Bu arada köpeklere atmak için az önce elime alıp bıraktığım irice beyaz taşı yerden alıp çantasına atmasına anlam verememiştim. Beraber yürümeyi teklif etti. Geri dönüp asfalt yola mı çıksam yoksa daha kısa görünen yolu seçip yamacı aşmayı mı denesem kararsızdım. Doğrusu köpekler ötede durduğu sürece çobanın varlığı güven veriyordu. Birlikte yamaca doğru ilerledik.

img_4562

Yaşını başını almış görünmesine rağmen güçlü adımlarla yürüyen biriydi. Laflayınca az ötede küçük bir yerleşim yerinde babadan dededen kalma bir evde yaşadığını anlattı. Kendimi tanıtıp ismini sordum.

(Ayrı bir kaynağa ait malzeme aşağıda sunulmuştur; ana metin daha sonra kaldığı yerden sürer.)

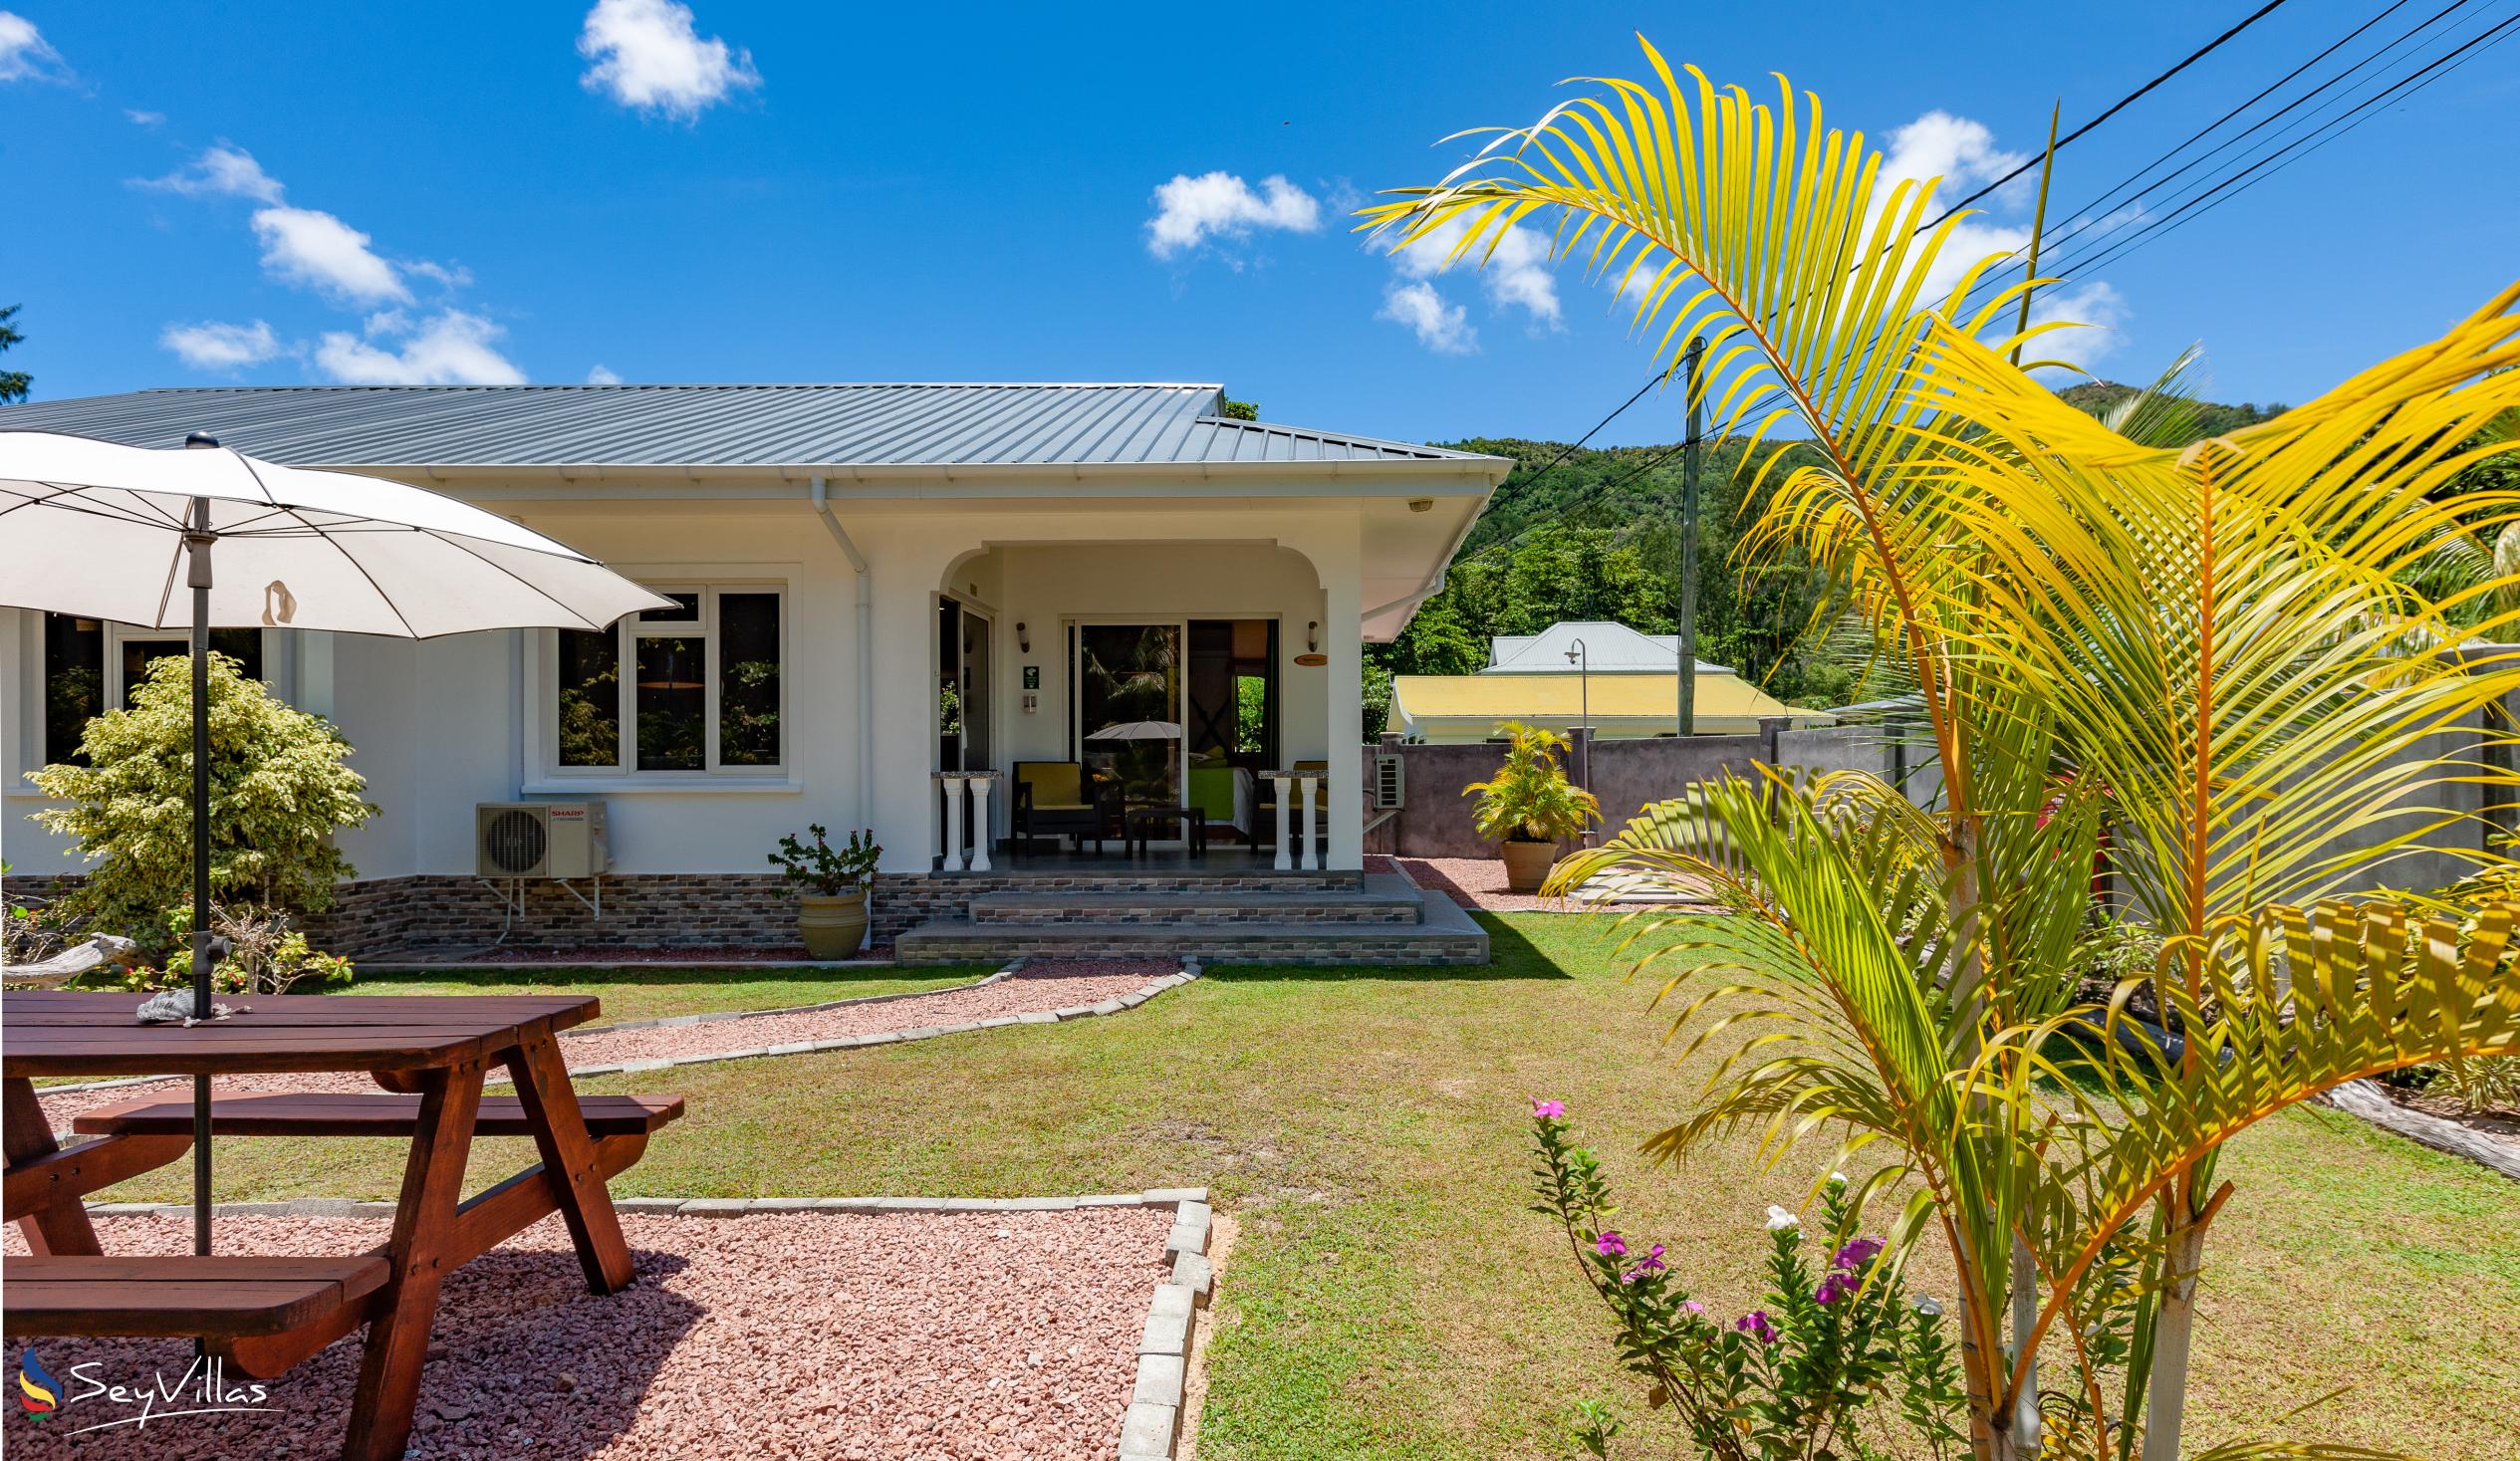 Foto 3: ANV Holiday Apartments - Aussenbereich - Praslin (Seychellen)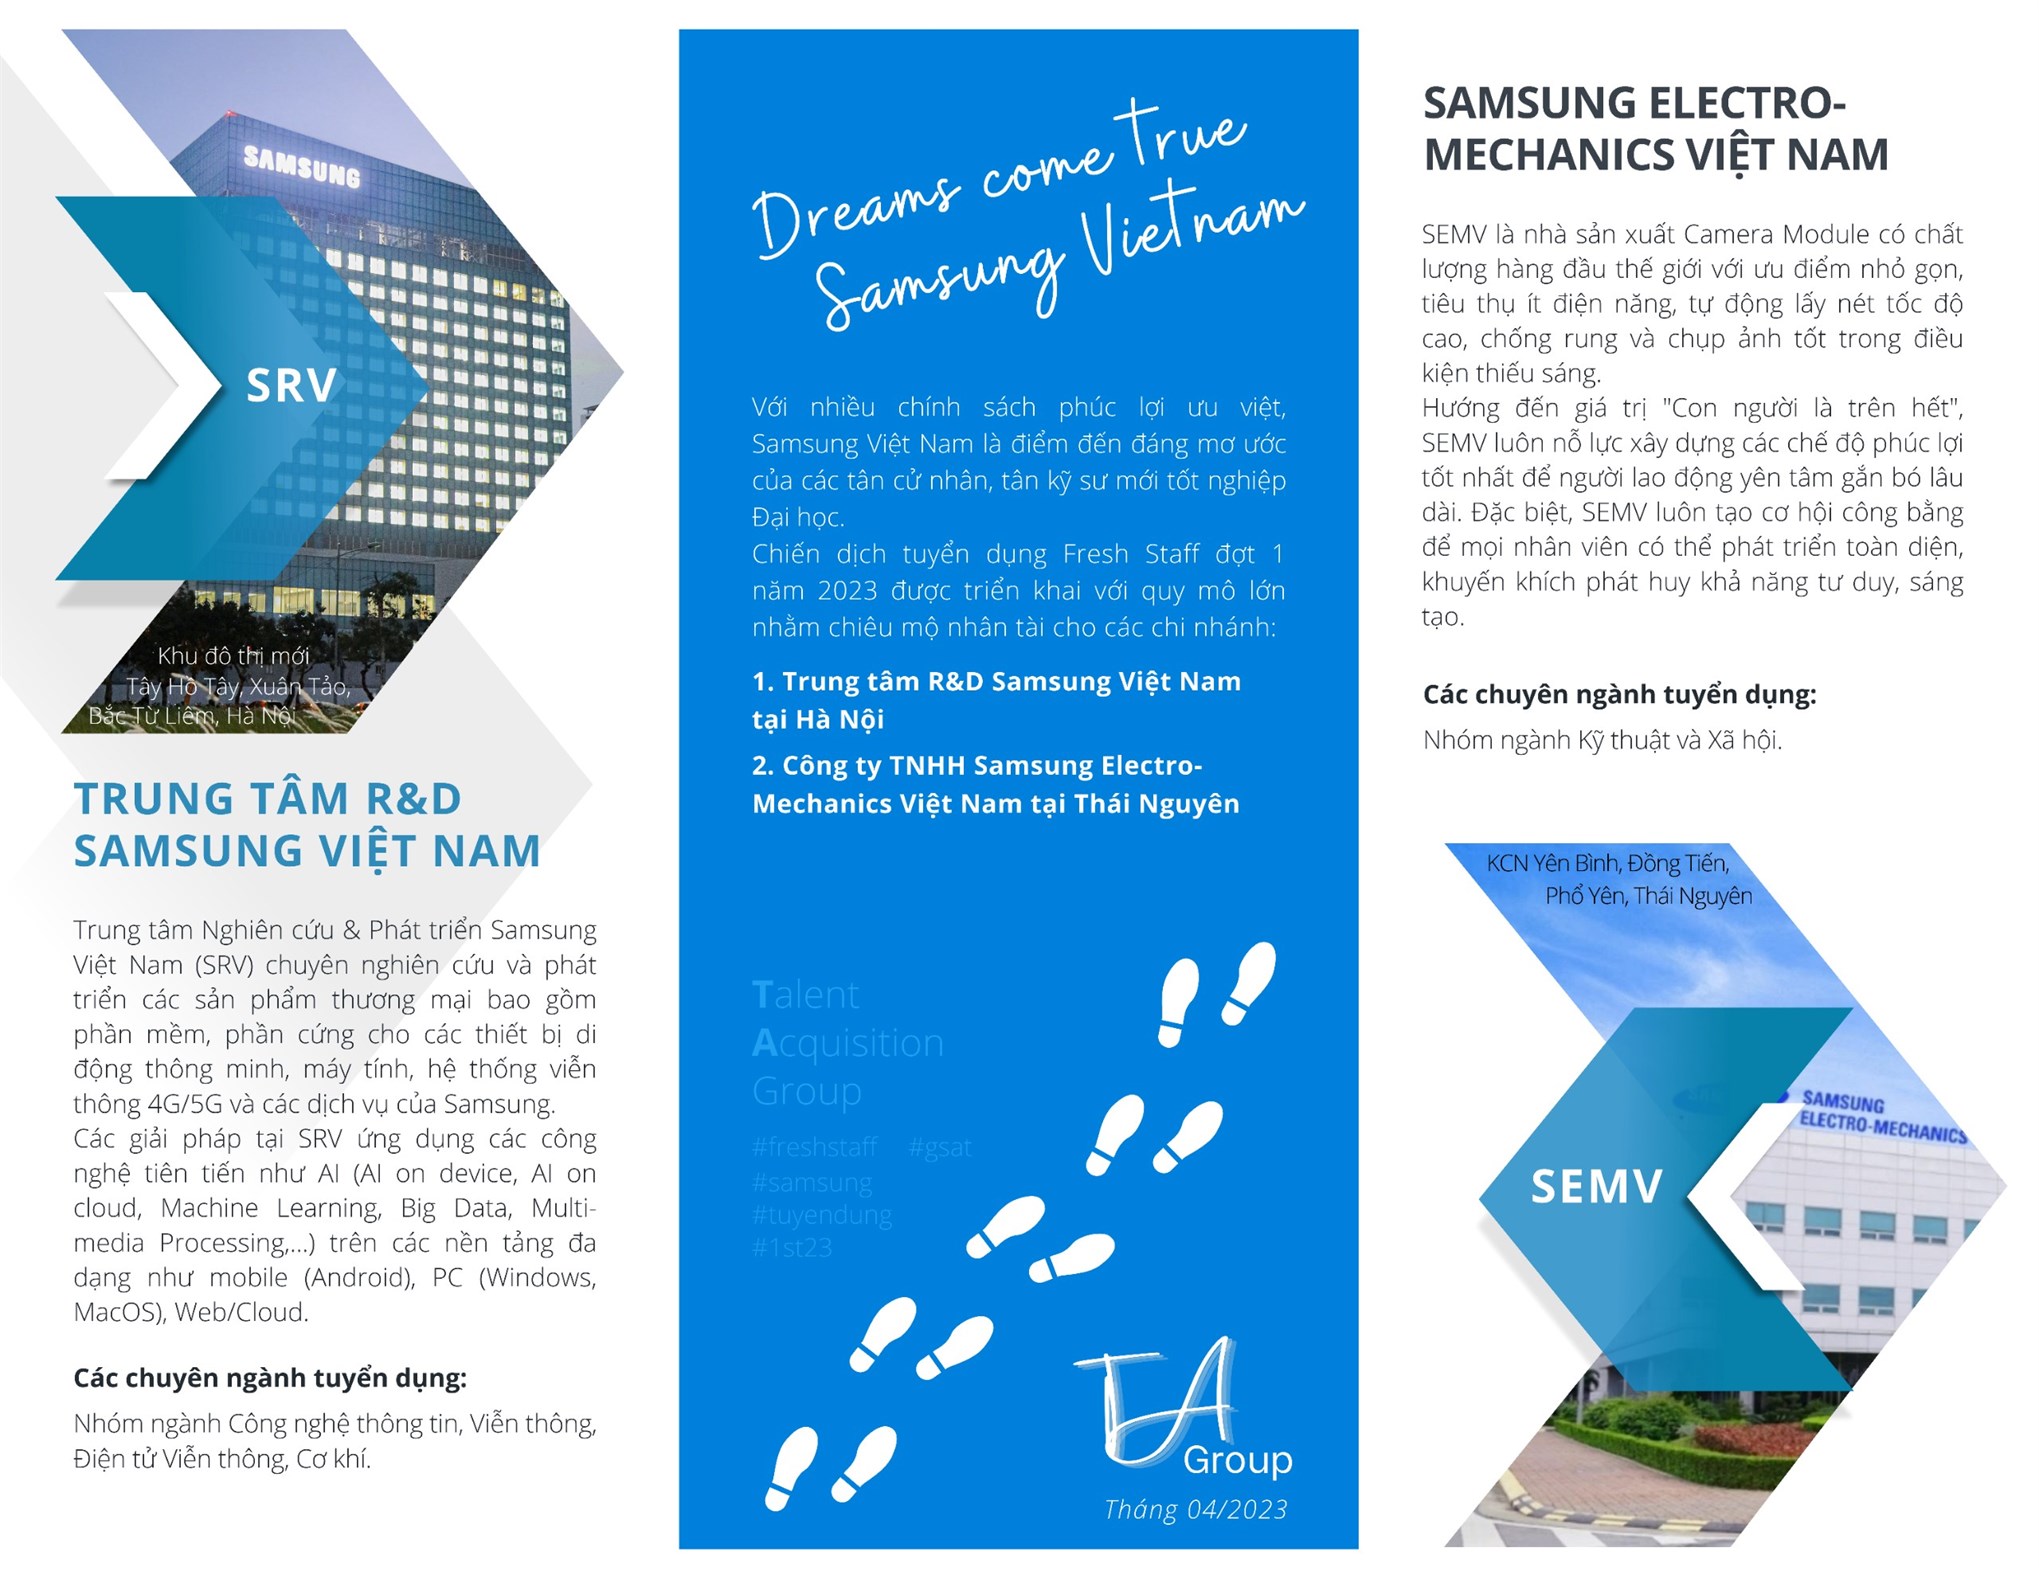 Kế hoạch tổ chức Hội thảo việc làm, hướng nghiệp của Công ty TNHH Samsung Electronics Việt Nam 2023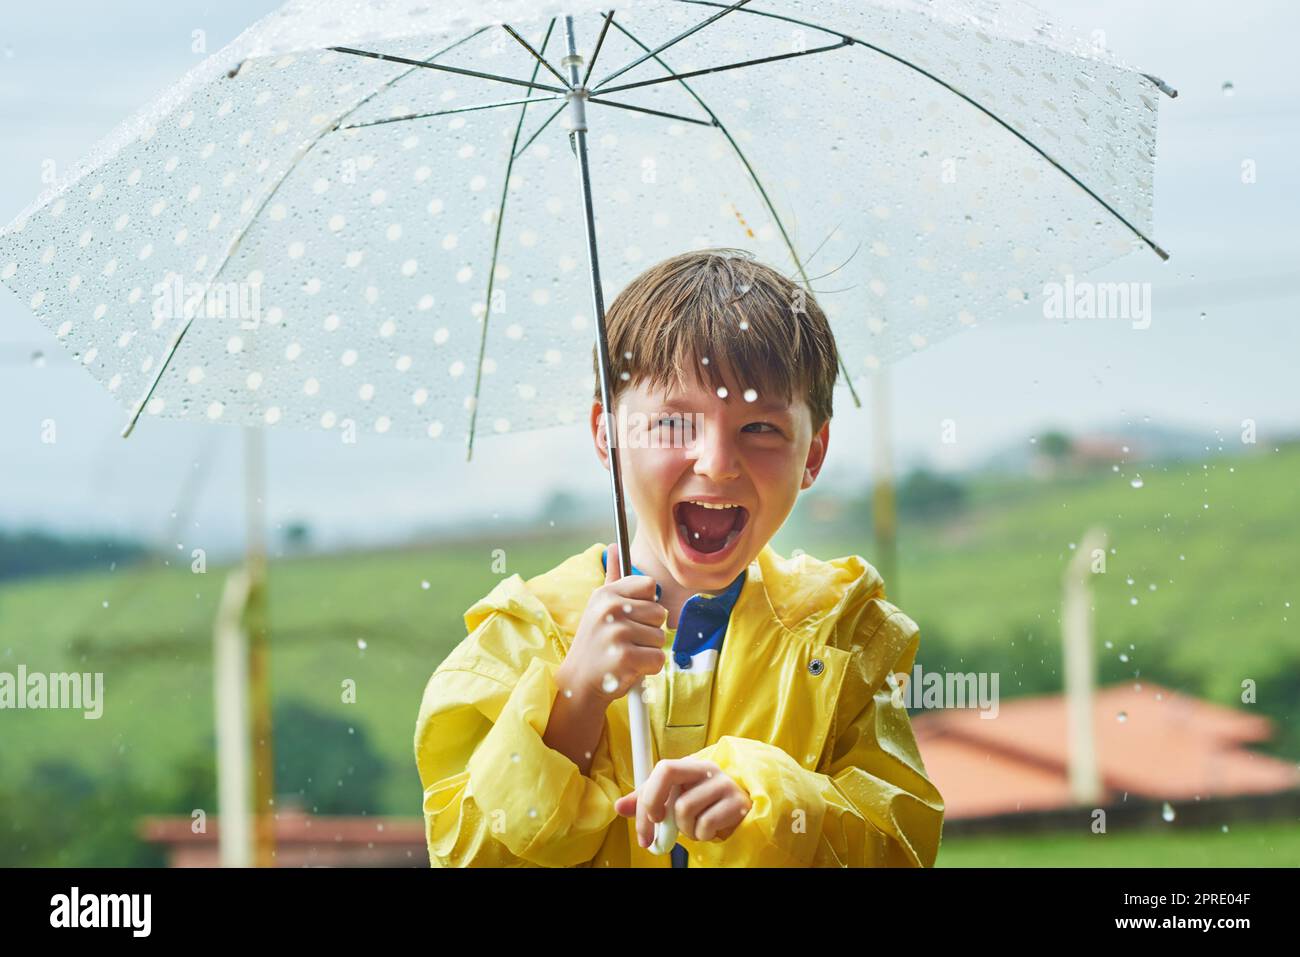 Die Regenzeit ist seine beliebteste Jahreszeit. Porträt eines fröhlichen kleinen Jungen, der an einem regnerischen Tag mit einem Regenschirm draußen steht. Stockfoto

“Hiç hayvanım veya sürüm olmasa da dağda bayırda dolaştığım için köyde bana çoban derler” diye yanıtladı. İsmini söylemedi. Tapu işlemleri sırasında onu tanıyan birilerine sorduğumda siyasi nedenlerle memuriyetten uzaklaştırılma tehdidi ile emekliliğe zorlanan üniversite çalışanı olduğunu, ikramiyesiyle dedesinden kalma harap haldeki taş evi onarıp köyde yaşamaya başladığını öğrenecektim. Çoluğu çocuğu hakkında kimsenin bilgisi yoktu. Dediklerine göre geleni gideni de yokmuş.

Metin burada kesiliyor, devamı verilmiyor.